**Provided data:**
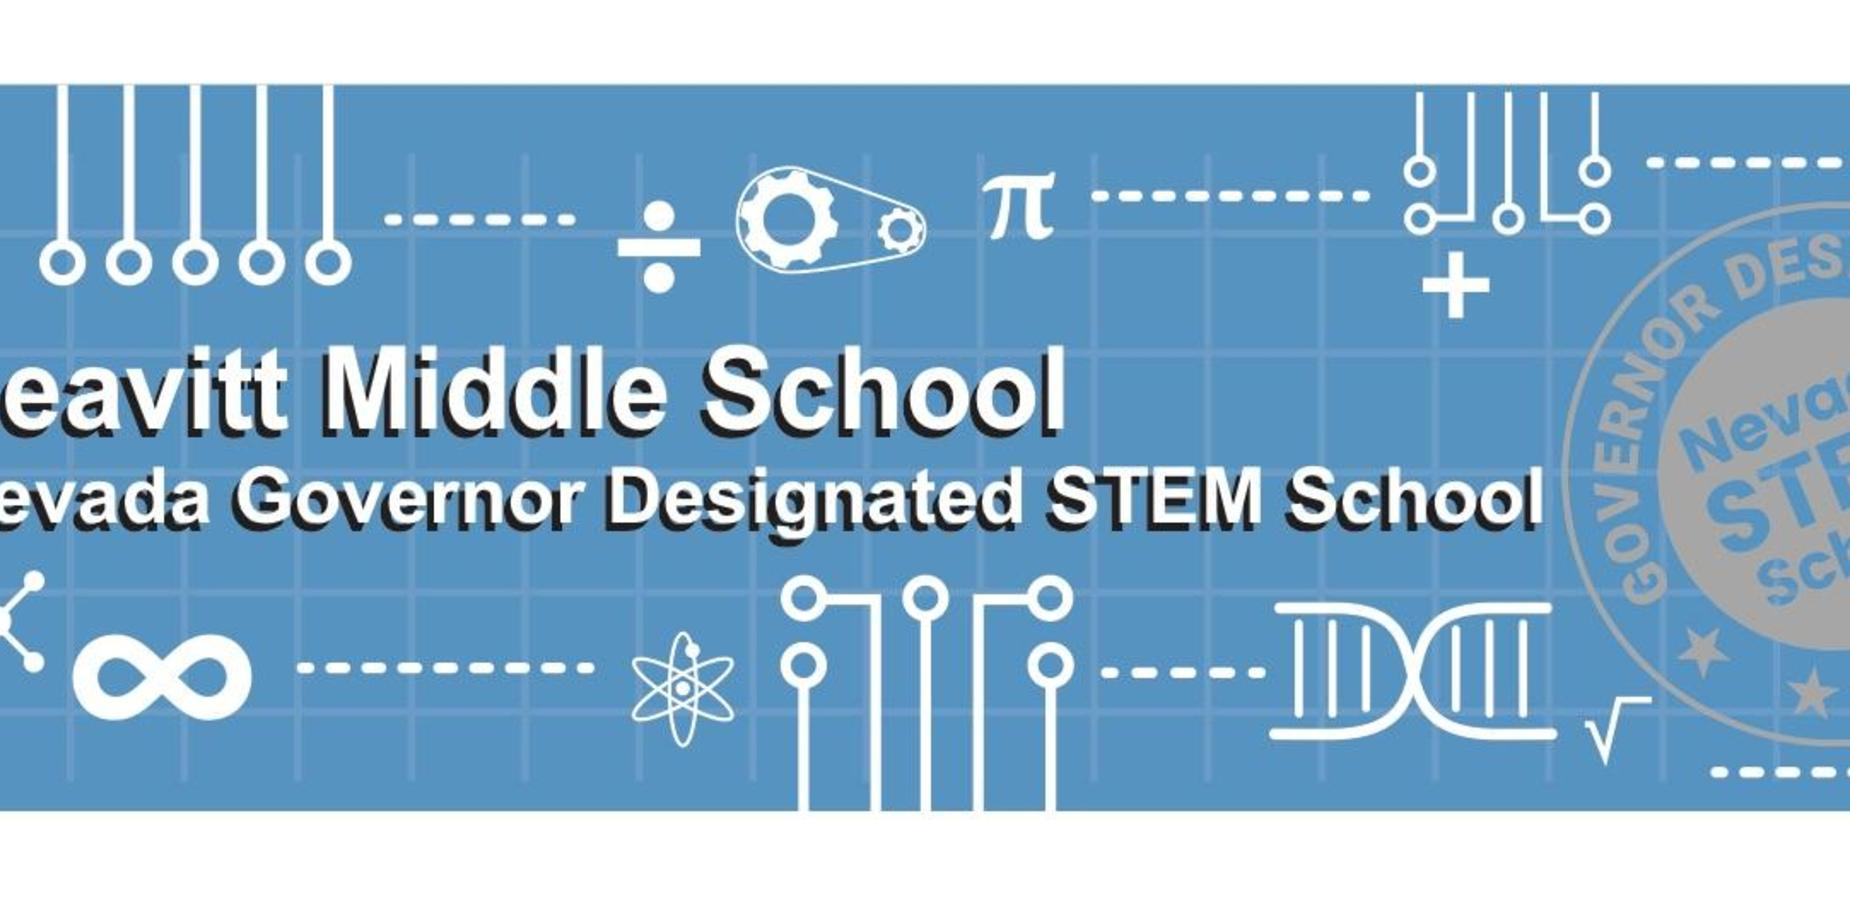 STEM School
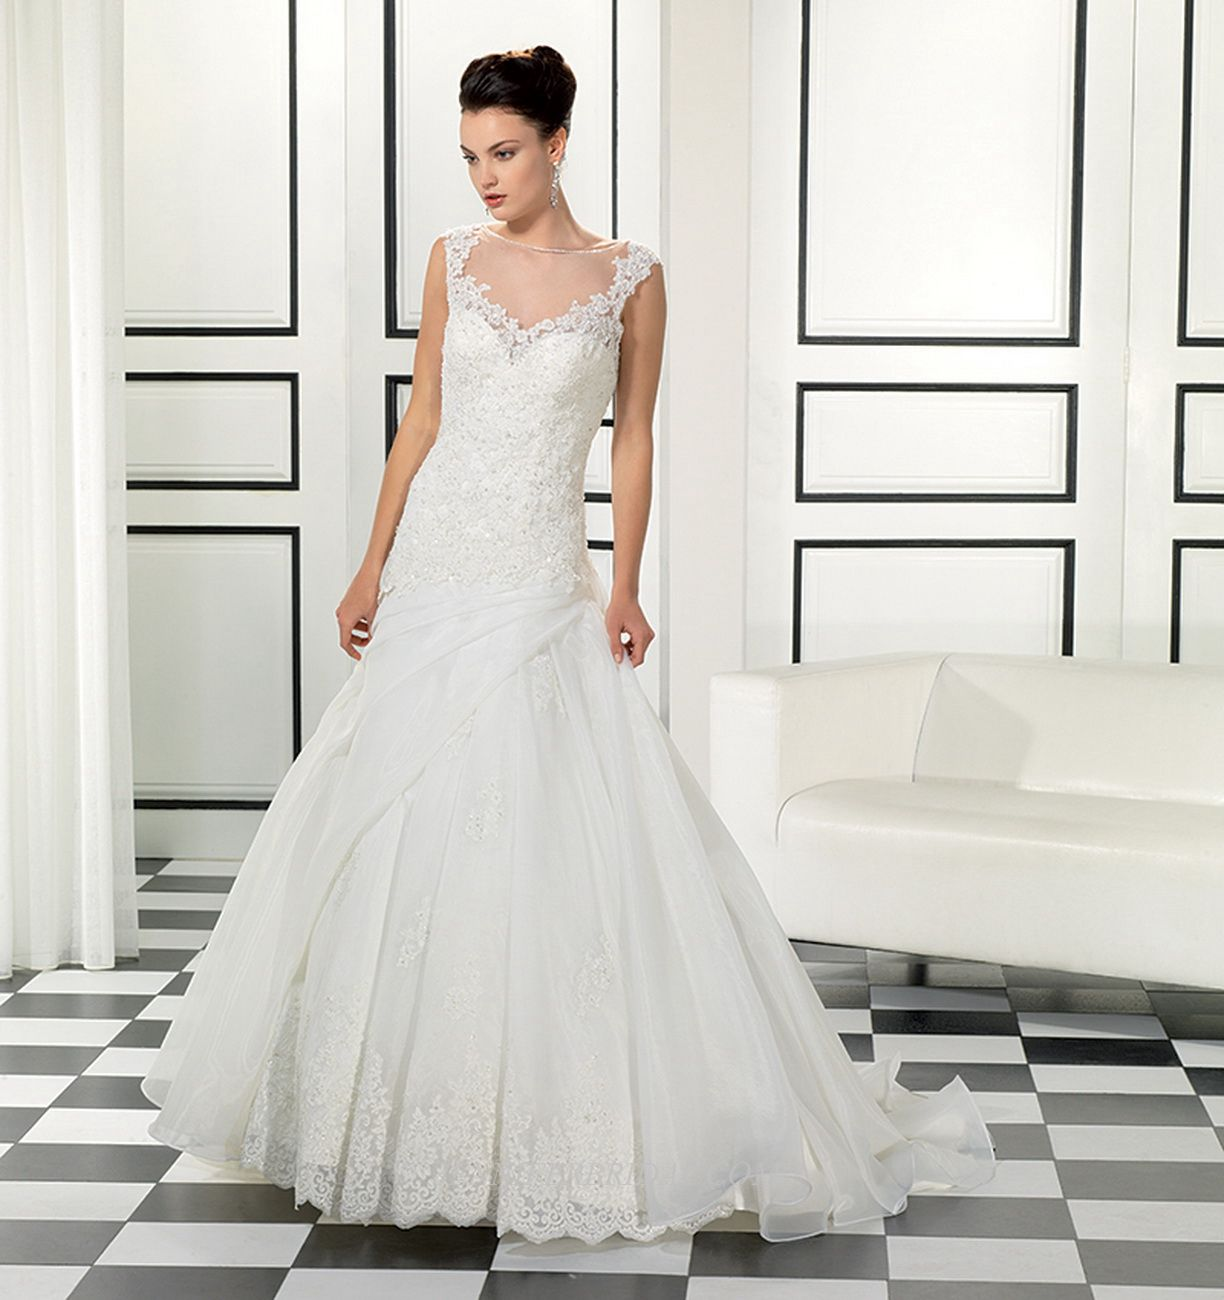 Eddy K Bridal Gown Style - Ek971 | Wedding | Pinterest | Bridal gown ...
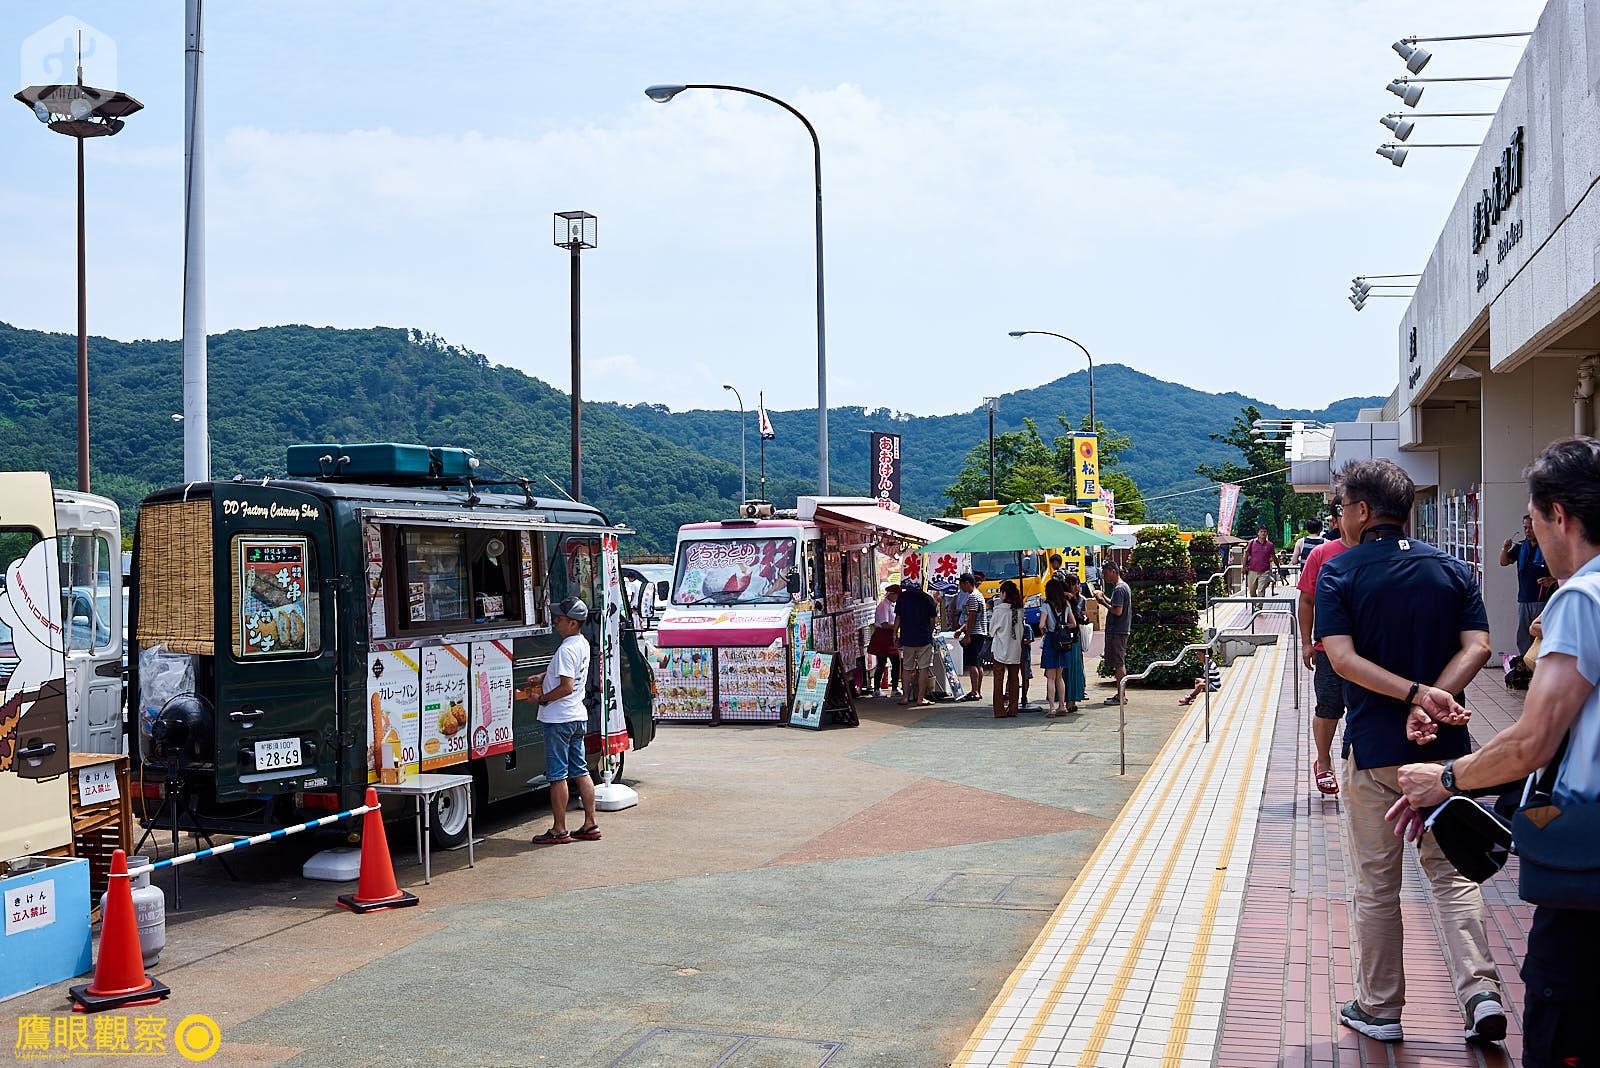 Japan Travel Highway rest stop 20190818110823 日本廢棄小學 🚗 RV 休旅車露營、森林探險之旅(櫪木縣鹿沼市立久我小學)🇯🇵⛺️

**Required action:**
Please retype all of the material exactly, skipping whatever images it holds.

**Solution below:**
 STEM School
 Eddy K Bridal Gown Style - Ek971 | Wedding | Pinterest | Bridal gown ...
 Japan Travel Highway rest stop 20190818110823 日本廢棄小學 🚗 RV 休旅車露營、森林探險之旅(櫪木縣鹿沼市立久我小學)🇯🇵⛺️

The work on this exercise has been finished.